Миронов, взяв без очереди билеты, поспешил к Балашову. У метро он купил для Маши дорогое вино с французской этикеткой и перцовую водку с интригующим названием «Осталко». Сумка с необходимыми вещами была при нем, остальное зависело от Балашова. На душе у Андреича скребли кошки. Давно он не был так одинок, как в этот осенний период. Мало того что Балашов обидел его непониманием. Неверием. Такая уж порода писательская. Раньше, бывало, и партия обижала… Но Настя… После того как на Миронова навалилось безошибочное чувство опасности, он задумался, кому звонить первому: Игорю или Насте. Это был и выбор, и повод. Выбор ближнего. Повод – о себе. И Андреич, сам себя презирая за слабость, за тягу к женскому, за зависимость от женского, выбрал Настю. Он позвонил ей на домашний, но квартирка встретила его длинными гудками, как уходящий корабль. Он набрал номер мобильного.
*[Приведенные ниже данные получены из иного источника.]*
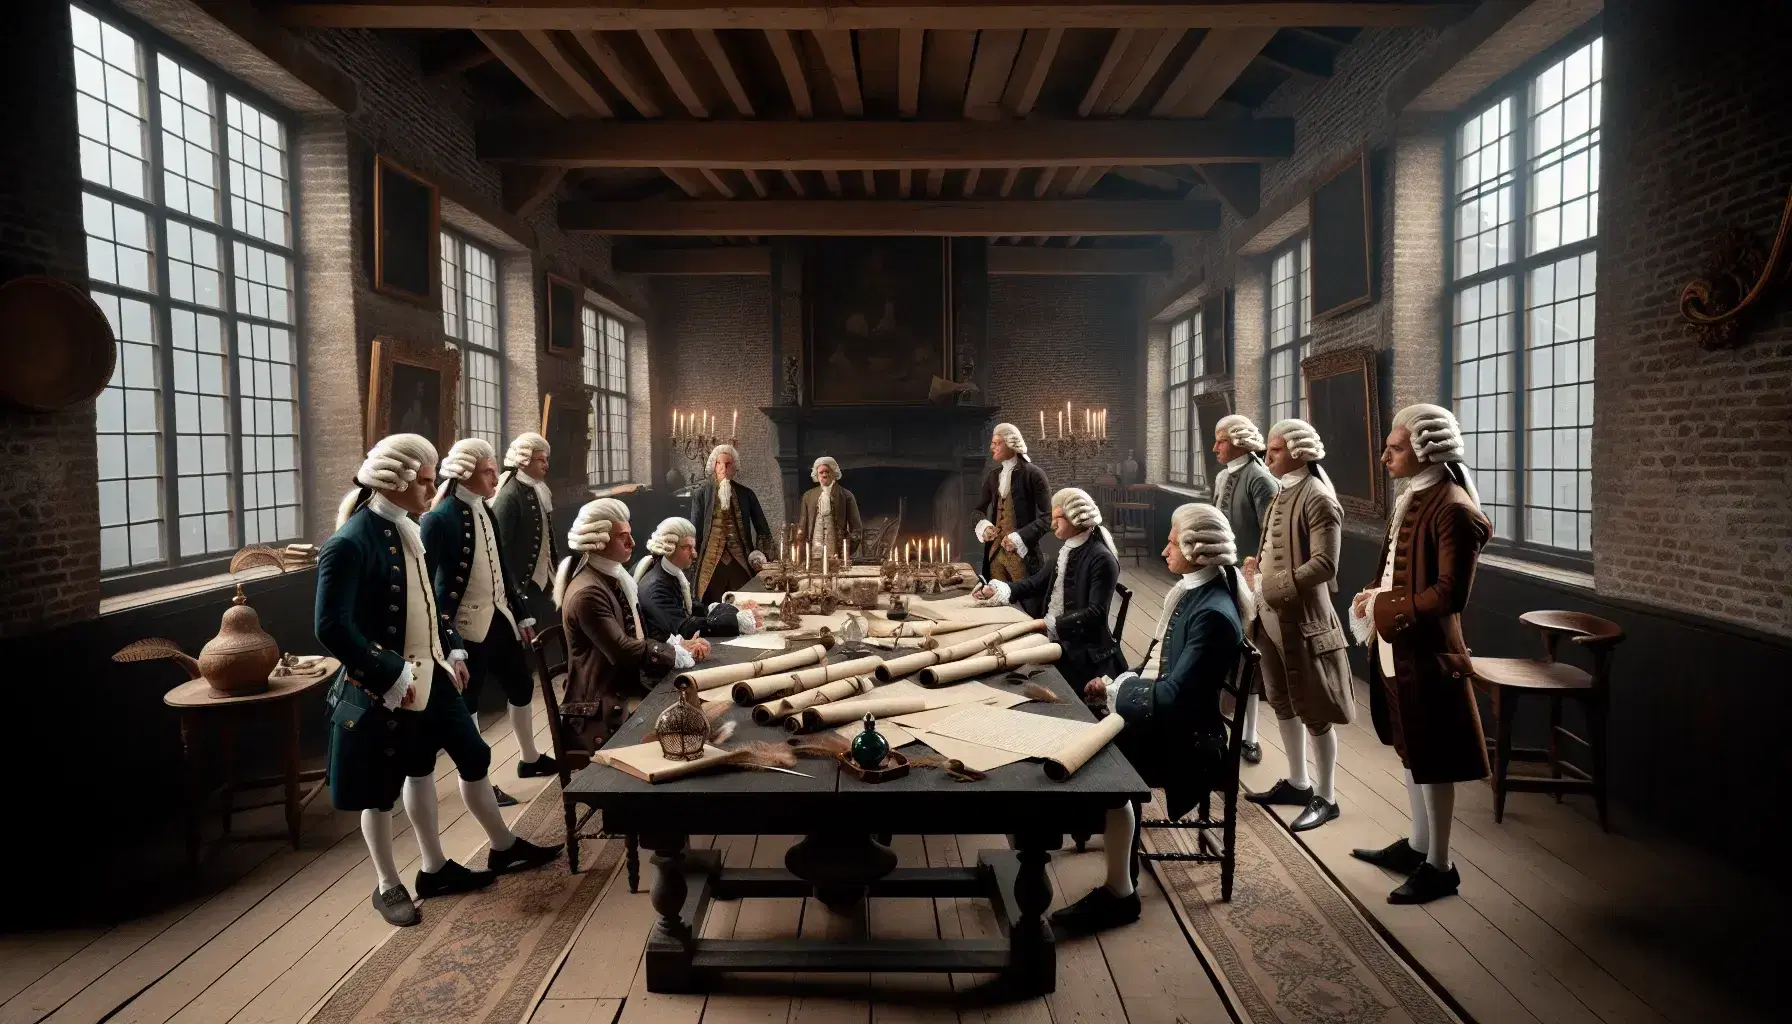 Grupo de hombres en trajes del siglo XVIII deliberando alrededor de una mesa con documentos y plumas, en una sala histórica iluminada naturalmente.

Звонок пришелся Насте как нельзя не ко времени. Она находилась на квартире у бойфренда. Френда она привезла из летней поездки в Керчь. Парень был неотесан, но бодр телом, современен и, по-своему, как ей показалось, способен служить ей. Вот за такую угаданную готовность она ему многое готова была пока простить, а изъяны – так на то Настя и есть, умненькая-разумненькая. Воспитает, обтешет, подправит… Ее папаша в Москву тоже не графом приехал, а ничего…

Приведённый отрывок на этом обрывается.